As a next step, the toxicity of PCH in cell culture was evaluated and compared with that of DMSO. Differentiated T37i brown adipocytes were incubated with an increasing volume of DMSO and PCH in the culture medium. After 8 h, cell viability was assessed with Presto blue staining. Similar to our findings for DMSO, concentrations of up to 1% PCH did not affect the viability of the cells (Fig. 3a). In subsequent experiments, increasing amounts of salsalate were dissolved in PCH and DMSO and applied to cells as a 0.33% solution in the culture medium.
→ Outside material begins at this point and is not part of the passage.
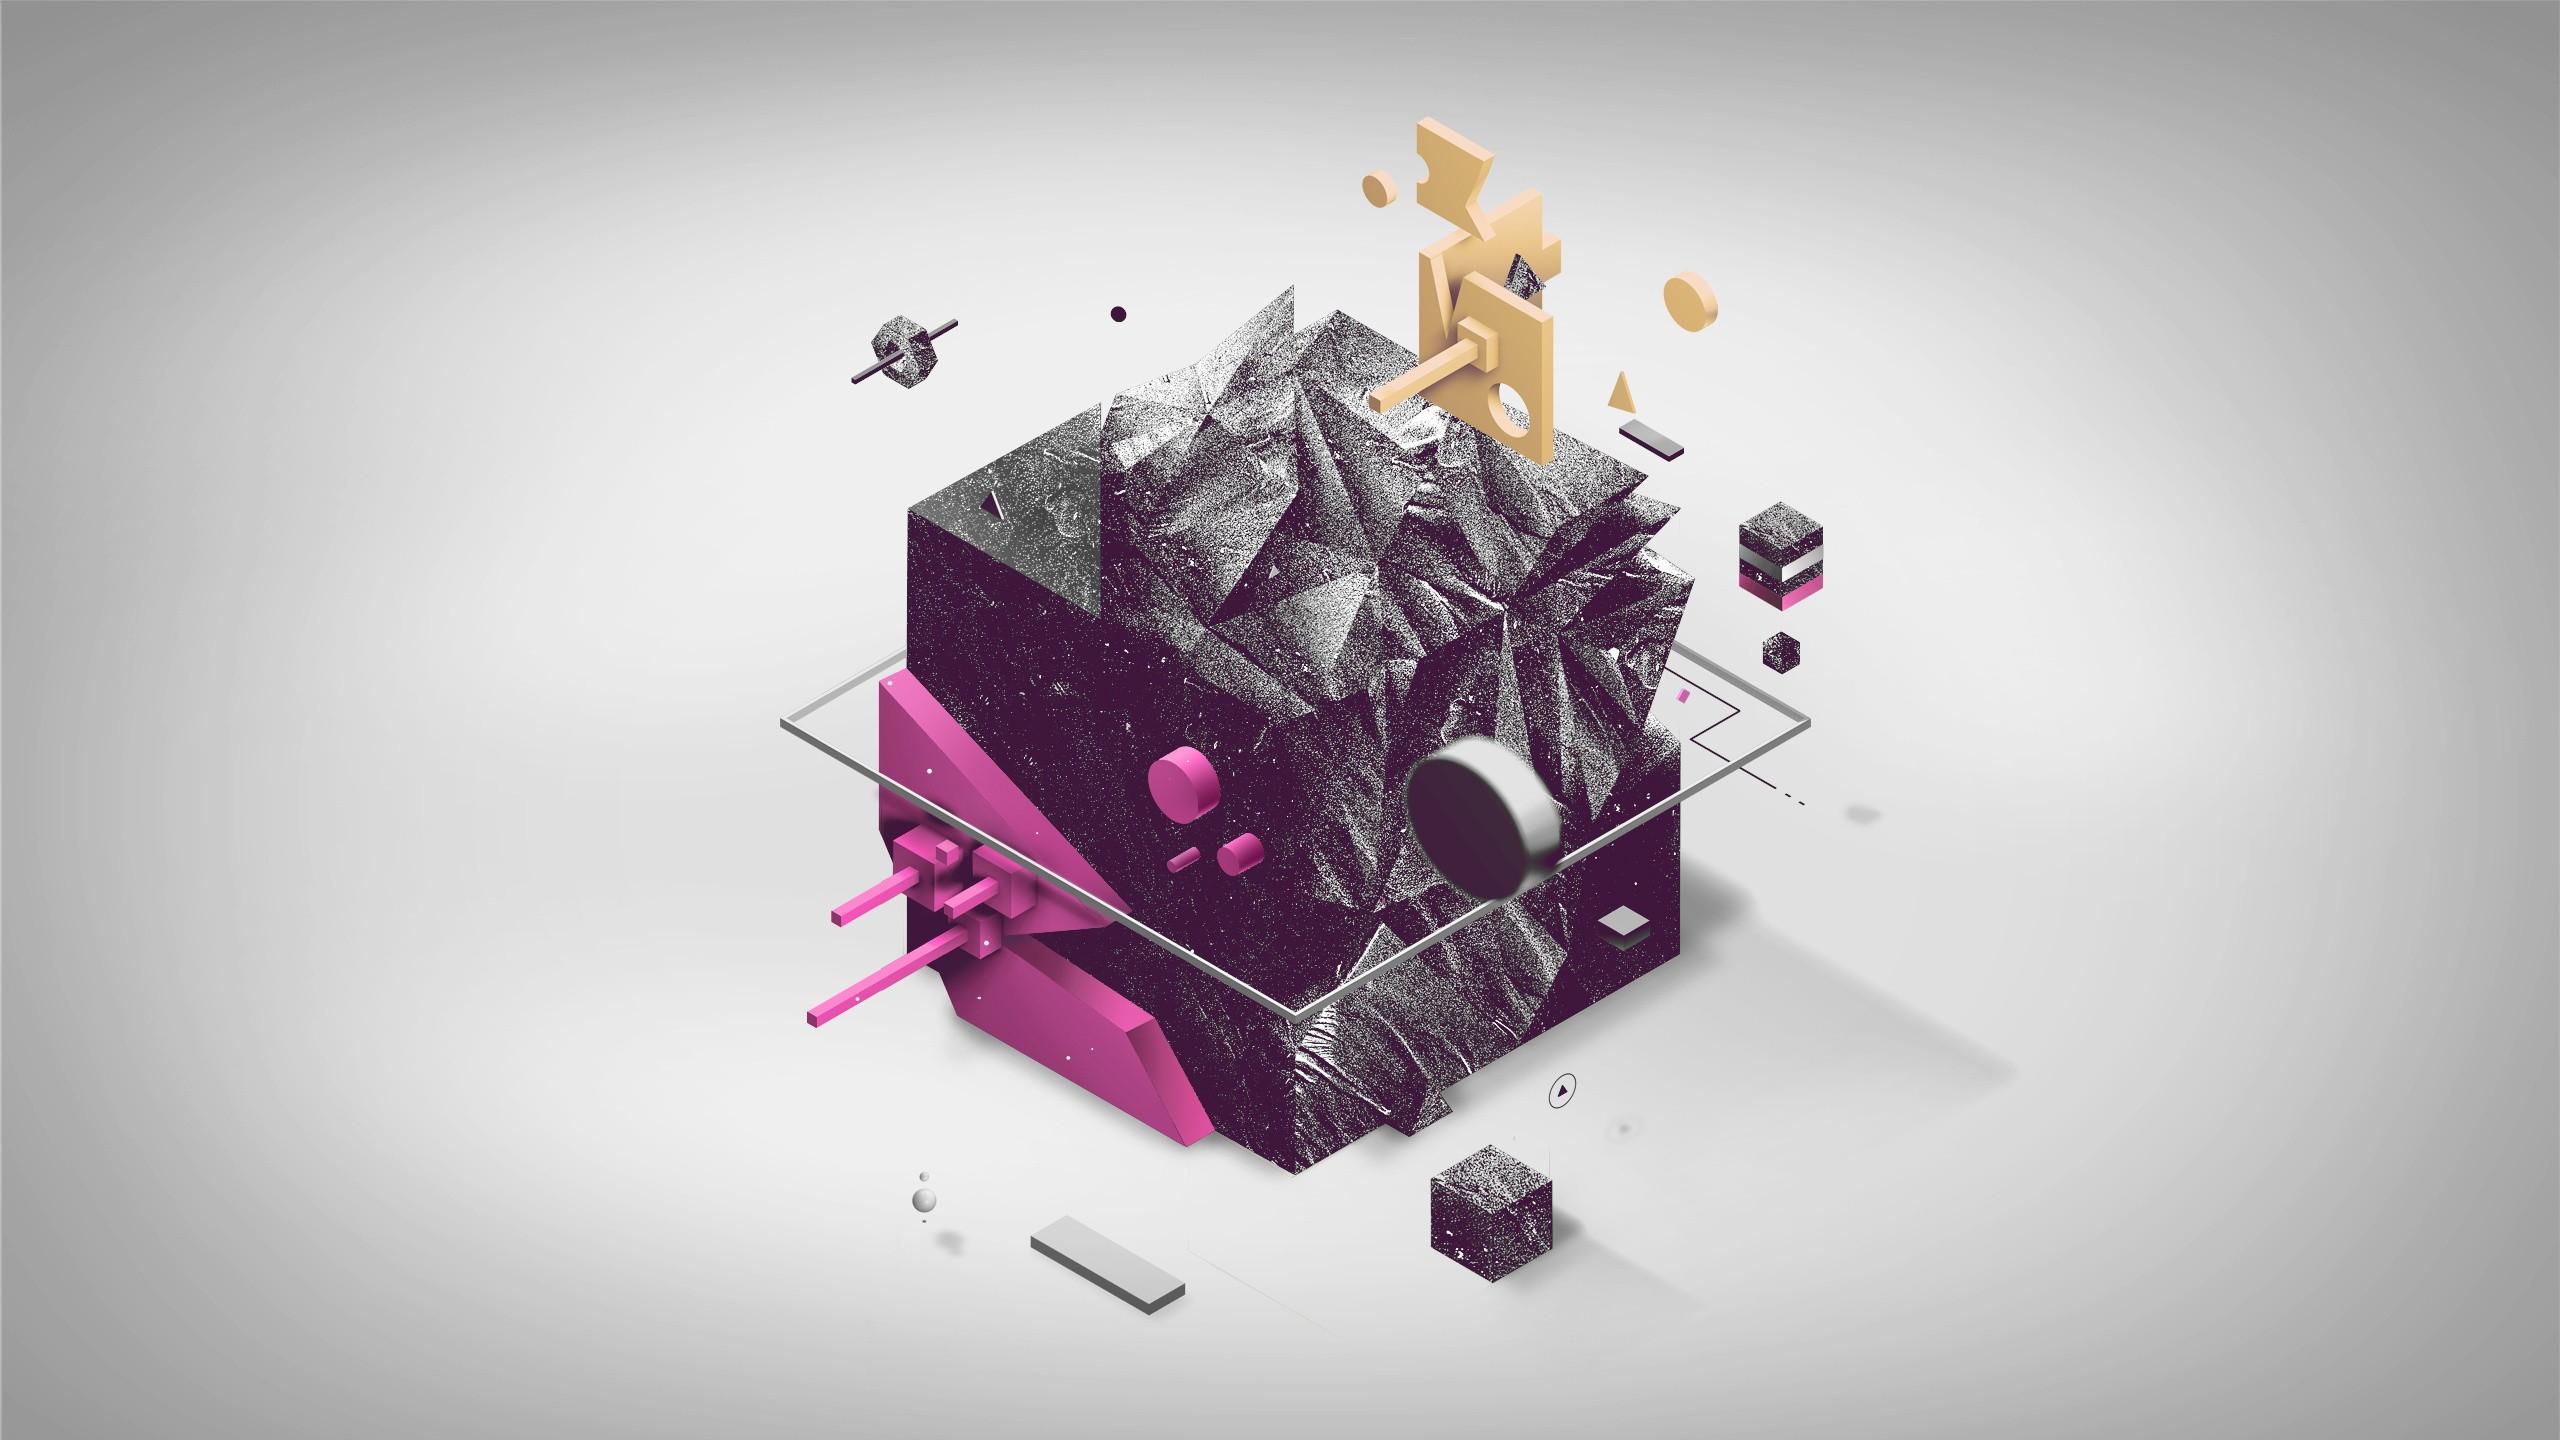 Sasuke Minimalista Fondo: Fondos De Pantalla : Dibujo, Ilustración, Arte Digital

In these conditions, it was possible to achieve final concentrations of salsalate in PCH of up to 1 mM, while DMSO solutions above 0.3 mM precipitated when added to culture medium. This suggests that PCH increased the solubility of salsalate in aqueous environments, allowing the generation of a full dose-response curve for glycerol release as a measure of intracellular lipolysis. In contrast, the maximum concentration of salsalate in DMSO (0.3 mM) was insufficient to reach the plateau phase (Fig. 3b). Gene expression analysis of genes involved in brown adipocyte thermogenesis,^13,14 i.e. Pgc1α (Fig. 3c), Pparα (Fig. 3d), Elovl3 (Fig. 3e) and Ucp1 (Fig. 3f) revealed comparable responses for 0.3 mM salsalate NADES and DMSO solutions.
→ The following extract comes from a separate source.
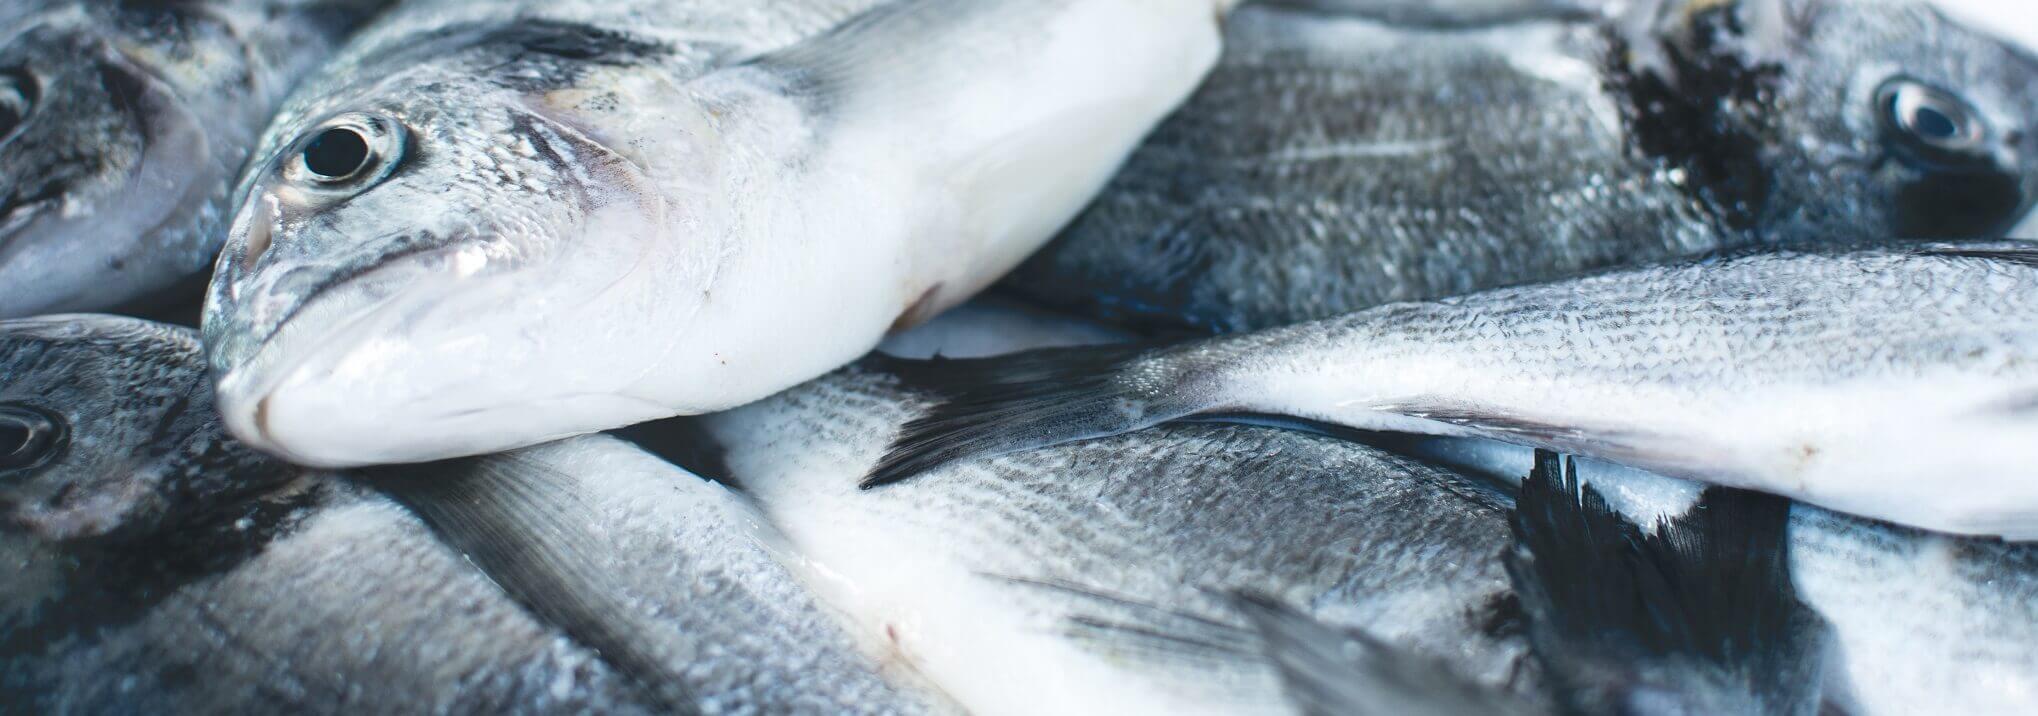 Sustainable Seafood Raja Ampat Indonesia

Fig. 3 Differentiated T37i brown adipocytes were incubated with increasing volume percent of DMSO and PCH in culture medium. After 8 h, cell viability was measured by Presto blue staining in relative fluorescence units (a). Dose-response curves for salsalate in PCH and DMSO were derived for 8 h glycerol release (b) and gene expression analysis for Pgc1α (c), Pparα (d), Elovl3 (e) and Ucp1 (f). Arrow (a) indicates the solvent dose selected for further experiments (d–f). Results are presented as mean value ± SEM (n = 3 for A, n = 6 for B–F). Significantly different from the negative control: *P < 0.05; **P < 0.01; ***P < 0.005.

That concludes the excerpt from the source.